The current implementation was written by caoshuhuan (caoshuhuan@yeah.net). I would appeciate if you send email to me when you have any question about this script or report bug !
The current code version is v1.0.2
v1.0
- split PE fastq with single barcode
- outputs are compressed
- some statistical results provided
v1.0.1
- delete parameter
-l
- modified compress method to reduce process time
- submit
SplitDualBarcodes.pl
for MGI dual barcodes multiplexing, type inperl SplitDualBarcodes.pl -h
to get the tutorial of this script
v1.0.2
- support SE data
v1.1 (under deverlopment) :
- intergrate single and dual barcodes multiplexing module
- support windows system
System: Linux
Memmory: 1 Gb or above
Storage: 1 Tb or above
Perl version: 5.16
or above
The script runs on CentOS 7
or other linux systems on a 64Bit machine with Perl 5.26
, for 100Gb data, It will take about 2 hours with 1 Gb memory if final fastqs uncompress.
Usage:
perl splitBarcode_PE.pl [options]
*-r1 --read1 <string> read1.fq.gz
-r2 --read2 <string> read2.fq.gz if not provided, it will be SE
-e --errNum <int> mismatch number [default: 2 for PE, 1 for SE]

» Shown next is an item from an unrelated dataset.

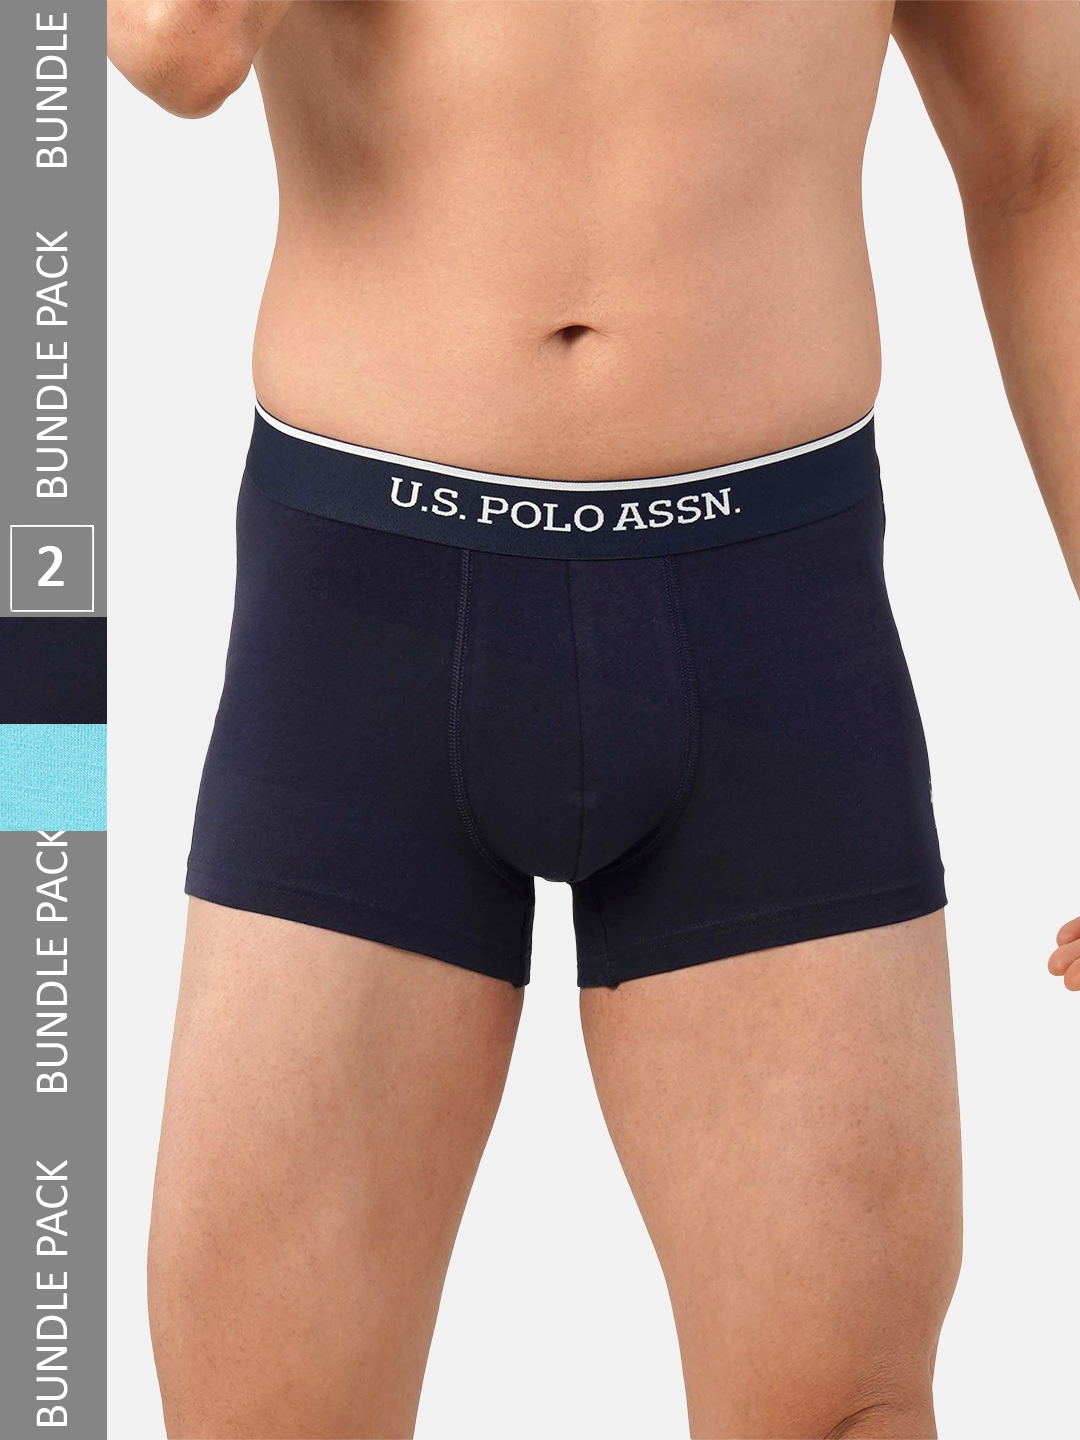 U.S. Polo Assn. Men’s Underwear – Cotton Stretch Boxer Briefs (4 Pack) :  : Clothing, Shoes & Accessories

*-f --firstCycle <int> First cylce of barcode
*-b --barcodeList <string> barcodes list
-rc --revcom <Y|N> generate reverse complement of barcode.list or not [default: Y]
-c --compress <Y|N> compress(.gz) output or not [default: Y]

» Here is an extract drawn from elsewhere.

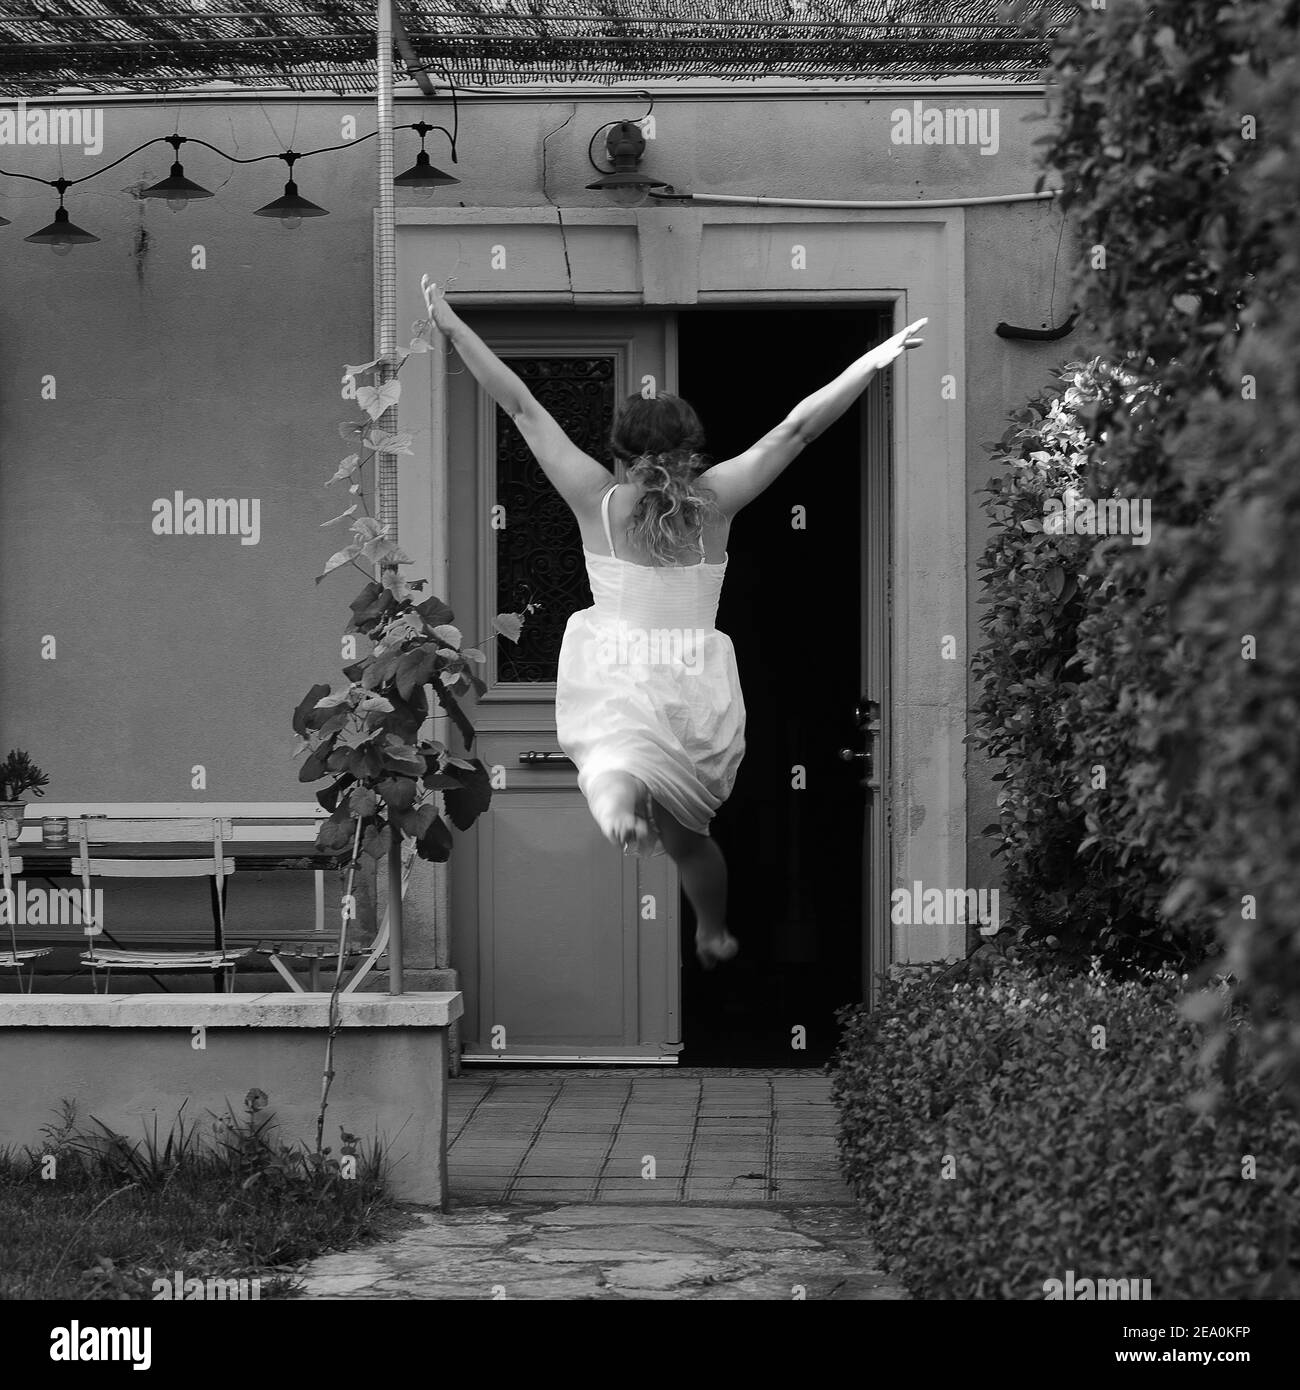 Girl jumping in a garden Stock Photo

-o --outdir <string> output directory [default: ./]
-h --help print help information and exit
*
means parameter must be provided.- the default mismatch value is 2.
- the default output directory is
./
. - the fastq will be compressed in .gz format when
-c Y
has been set and rungzip.main.sh
after split process finished.
perl SplitBarcode.pl -r1 read1.fq.gz -r2 read2.fq.gz -e 1 -f 101 -b barcode.list -r N -o /path/outdir -c Y
Please make sure the first cycle number of barcode correctly.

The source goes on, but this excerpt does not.